I'm planning to buy a camera within next few days and i came up with these two models.

Please help me in selecting the nice one..

Other options are also welcome..


----------



## quagmire (Oct 25, 2013)

^Fill these first : *www.thinkdigit.com/forum/cameras-camcorders/167265-questionnaire-buying-digital-camera.html


----------



## Amitsonu (Oct 25, 2013)

What's your budget?
20000  

Camera type?
Point and Shoot

Body Style?
Compact

How much zoom do you want/expect?
20X

Do you care for manual exposure controls?
Yes

What will you be shooting with this camera?
Ceremonies and tours

Will you be shooting mostly indoors/low light and/or action/sports?
No

Video?
HD

Do you have any particular model(s) in your mind?
SAMSUNG NX1000 and SONY HX50V

Any brand preference? Like/dislike
SONY, NIKON

From where will you be buying?
Online

Any other features you need?
Viewfinder, Image stabilization, Continuous drive/burst mode, Wifi, External flash, mic jack, HDMI, Remote, GPS, Articulated screen, Weatherproof, Extra frills like Panorama, HDR etc, battery type LI-ION.


----------



## nac (Oct 26, 2013)

NX1000 is an interchangeable lens camera, you wouldn't get 20x zoom in this budget.

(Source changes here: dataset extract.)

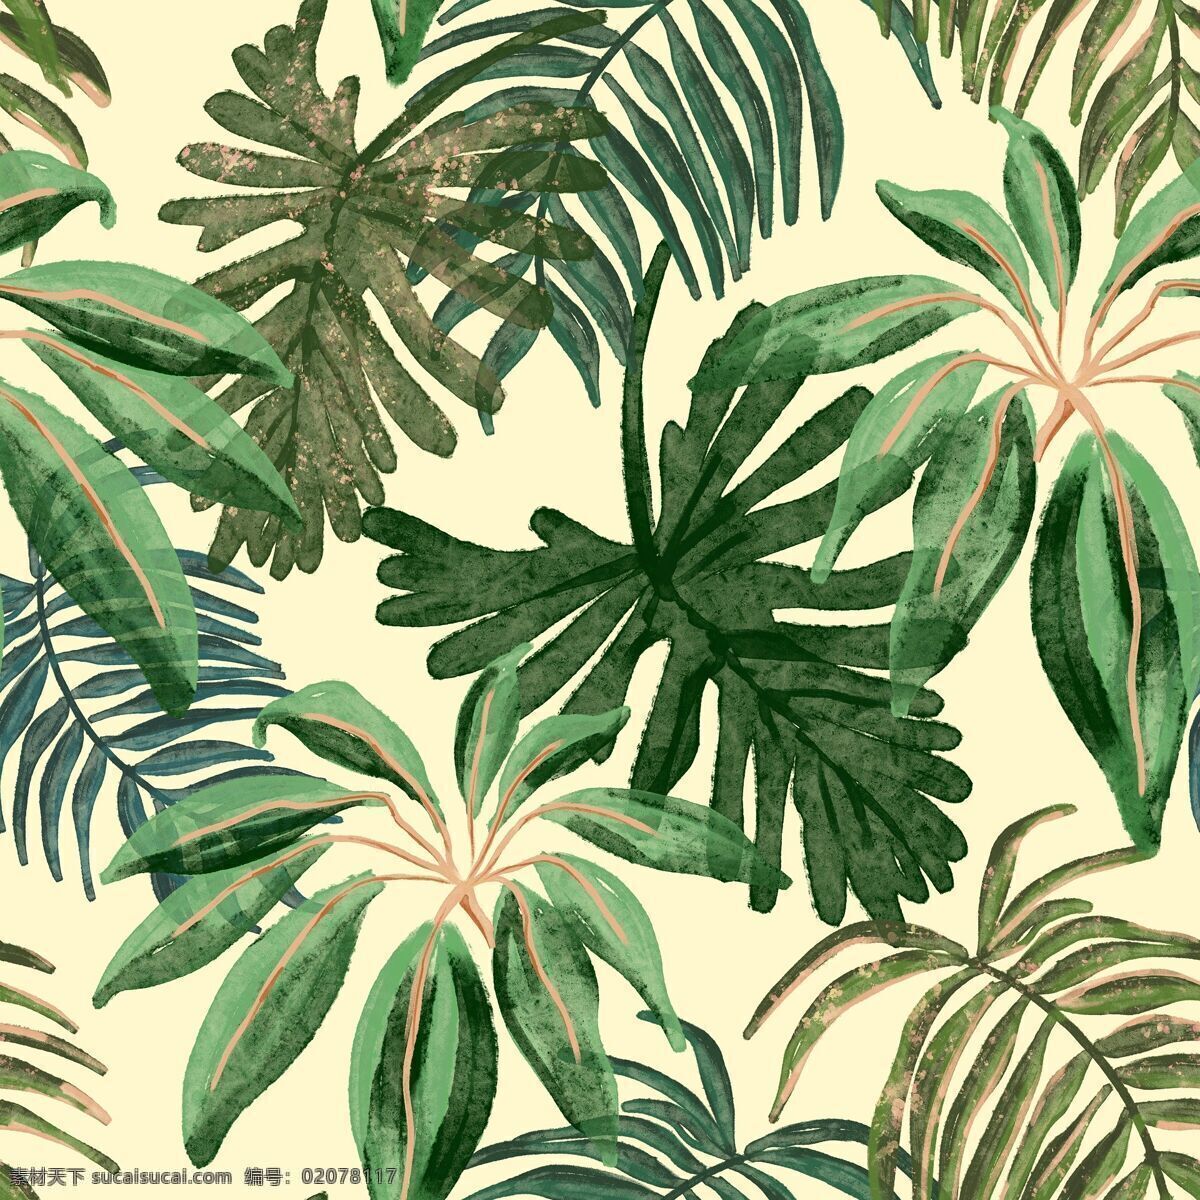 棕榈叶 热带 织构 壁纸 背景 纺织 自然 花纹 装饰性 插画 分享 底纹边框 花边花纹

HX50 is on the expensive side. I would go with TZ30 (need to be little hurry before it goes out of stock)


----------



## ruturaj3 (Oct 30, 2013)

My requirements are quite similar to you and i have shortlisted Sony WX300 and Sony HX50V.
Currently on ebay, WX300 is around 16.5k and HX50v is 19.5k..

I am thinking to buy HX50v.

@nac can you tell me what's good about TZ30 over HX50v?


----------



## nac (Oct 30, 2013)

HX50
+ VF, but you have to shell out extra.
+ More zoom in a smaller body.
+ WIFI, dedicated dial for EC.

None of these will be in TZ30, but still I prefer it. Coz, I just feel that HX50 is expensive.
If I want, more controls I would go with advanced compact and if I want more zoom, I would go with bridge. But there is no other camera out there which are similar to HX50. It's unique.

Here you're the one that gonna make the decision. Weigh up your needs, and pick the one which suits them.


----------



## ruturaj3 (Oct 30, 2013)

Thanks nac.


----------



## The Incinerator (Oct 30, 2013)

At your budget you can easily get a DSLR like the Canon 1100D with 18-55mm lens! Way way better images and controls. More over for beginners it has Full Auto mode where you just point and shoot. The guide feature us also great if you want to control the camera like a Pro. Later buy yourself a big zoom lens for Rs 9000 and you are all set!


----------